1.2. En l'espèce, dans la mesure où le prévenu nie toute implication et en l'absence de témoins des événements, le Tribunal doit se baser sur les déclarations des parties et leur valeur probante ainsi que sur les autres éléments matériels du dossier venant les corroborer. Le Tribunal retient que les déclarations de D______ sont crédibles, cohérentes et convaincantes. En effet, ces déclarations ont été d'emblée détaillées et elles sont restées constantes tout au long de la procédure.

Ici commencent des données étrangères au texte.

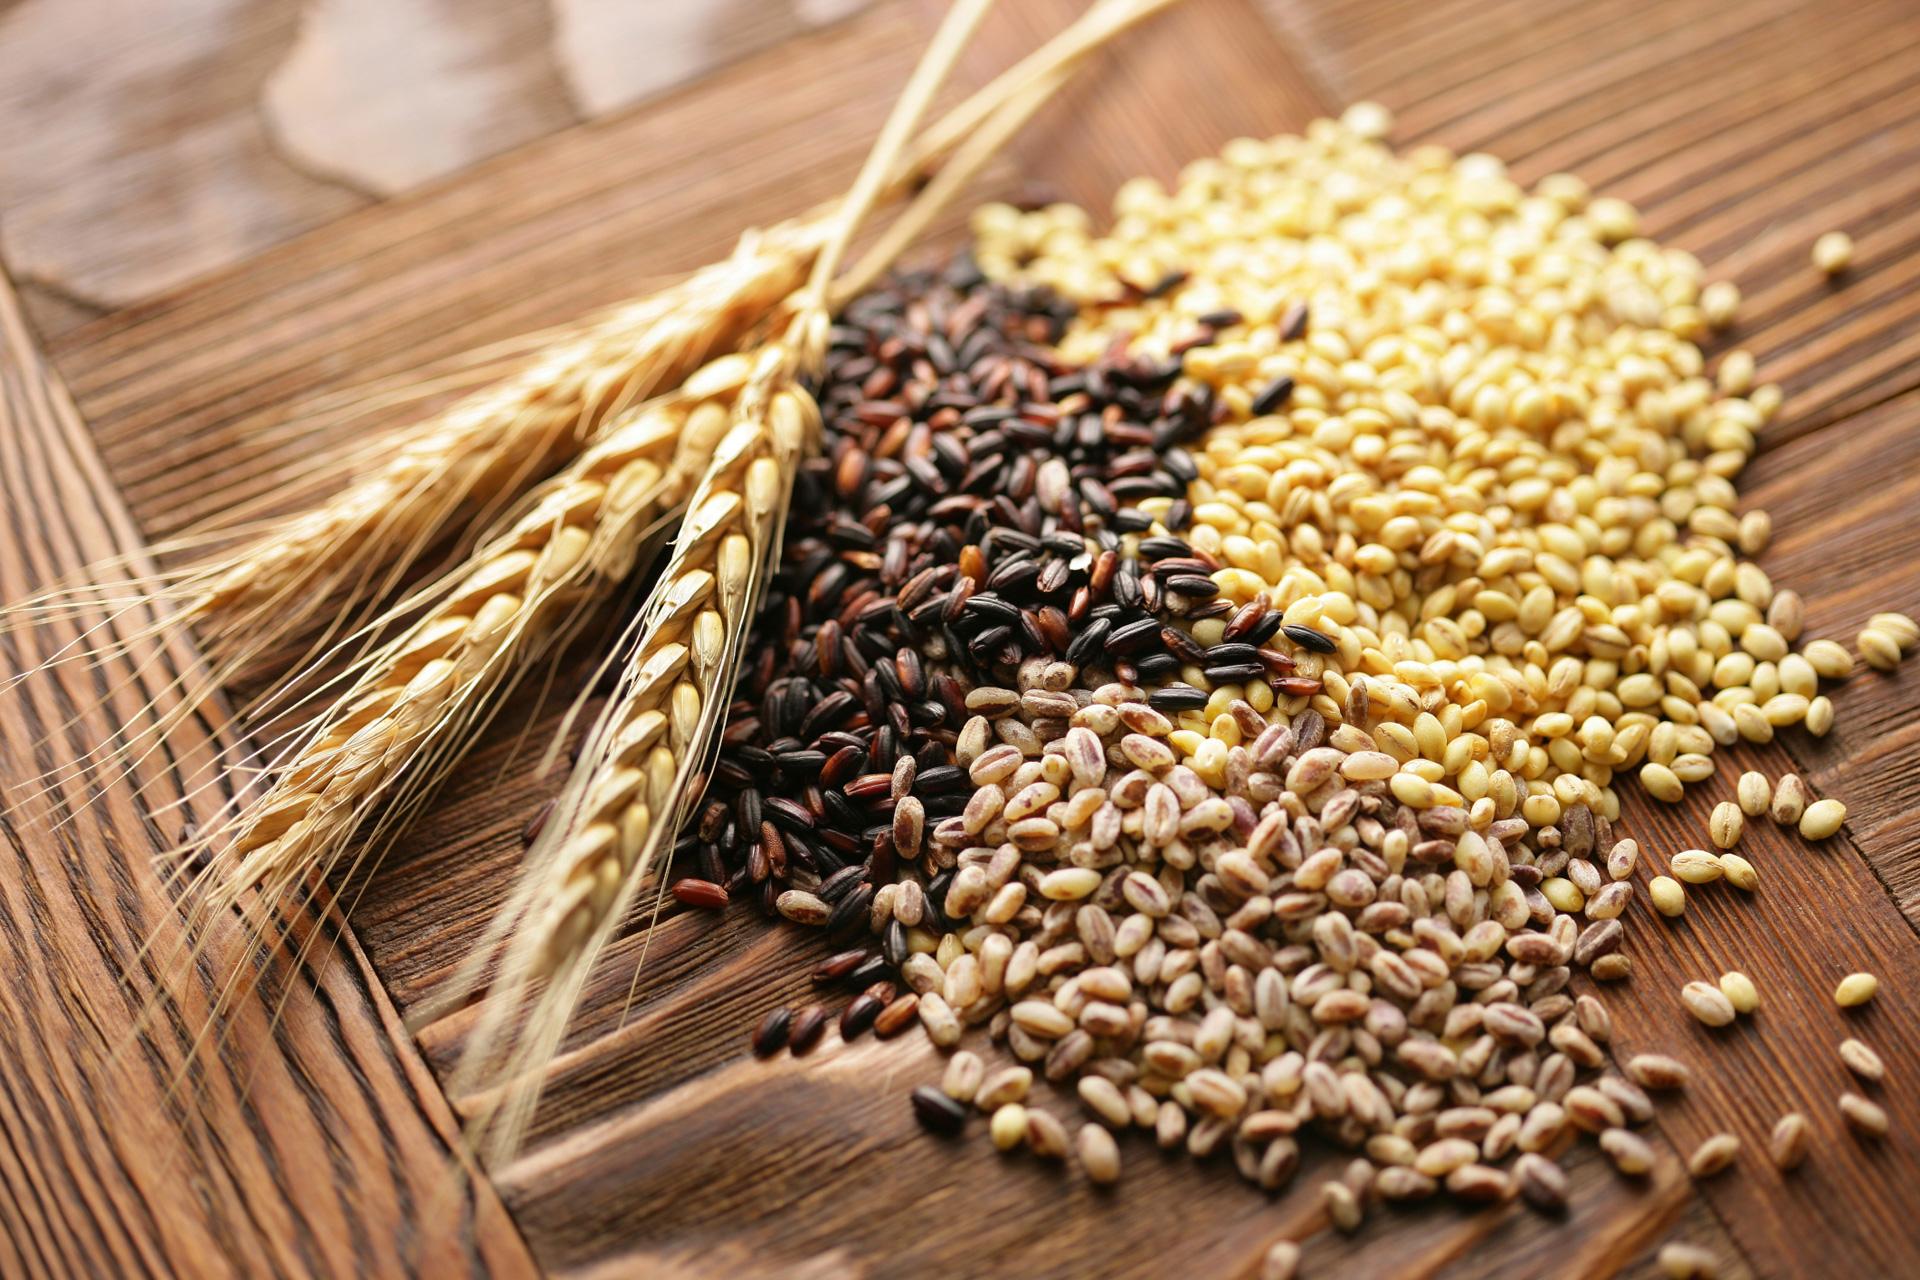 Whole grains (brown rice, millet, barley)

En particulier, D______ a immédiatement avoué devant la police son implication ainsi que celle du prévenu en fournissant des détails sur la manière dont ils en étaient venu à agir et leur façon de procéder. Il n'a par ailleurs aucune raison de mentir en mettant en cause le prévenu, soit un autre employé plus expérimenté dans la société. En sus, D______ et le prévenu ne font état d'aucun conflit qui aurait pu engendrer de fausses accusations de sa part. Le Tribunal retient ainsi qu'il n'y a pas de volonté soupçonnable de la part de D______ de vouloir impliquer à tort le prévenu, d'autant plus qu'il s'incrimine pour d'autres vols - qui d'ailleurs n'avaient même pas été signalés par la plaignante - et non pas le prévenu. Pour le surplus, ses premières déclarations à la police, au cours desquelles il a expliqué son mode opératoire le jour des faits, correspondent aux constatations de la police - et du Tribunal - découlant des images de vidéosurveillance.

Quant au prévenu, il s'est contenté de nier de façon persistante, sans apporter d'autres explications plus convaincantes, allant même jusqu'à accuser son employeur de chercher, par le biais du dépôt d'une plainte, une manière de le licencier.

La réinitialisation du téléphone, la veille de son retour au travail, s'explique difficilement par une autre raison que celle de vouloir cacher des éléments susceptibles de l'incriminer. A ce sujet, le prévenu n'a pas fourni d'explications claires et convaincantes, en commençant d'abord par indiquer que son téléphone dysfonctionnait puis qu'il cherchait à cacher des photos compromettantes à sa copine, bien qu'une simple suppression des photos eût suffi. La disparition de D______ en tant que contact dans le répertoire téléphonique laisse également supposer que le prévenu a cherché par tous les moyens à supprimer des éléments compromettants le liant à son comparse. Les différents contacts téléphoniques le jour des faits, seule date – mise à part le 4 avril 2019 – où D______ et le prévenu ont échangé des appels téléphoniques, semblent difficilement explicables par d'autres raisons que pour discuter du vol ou des suites de celui-ci.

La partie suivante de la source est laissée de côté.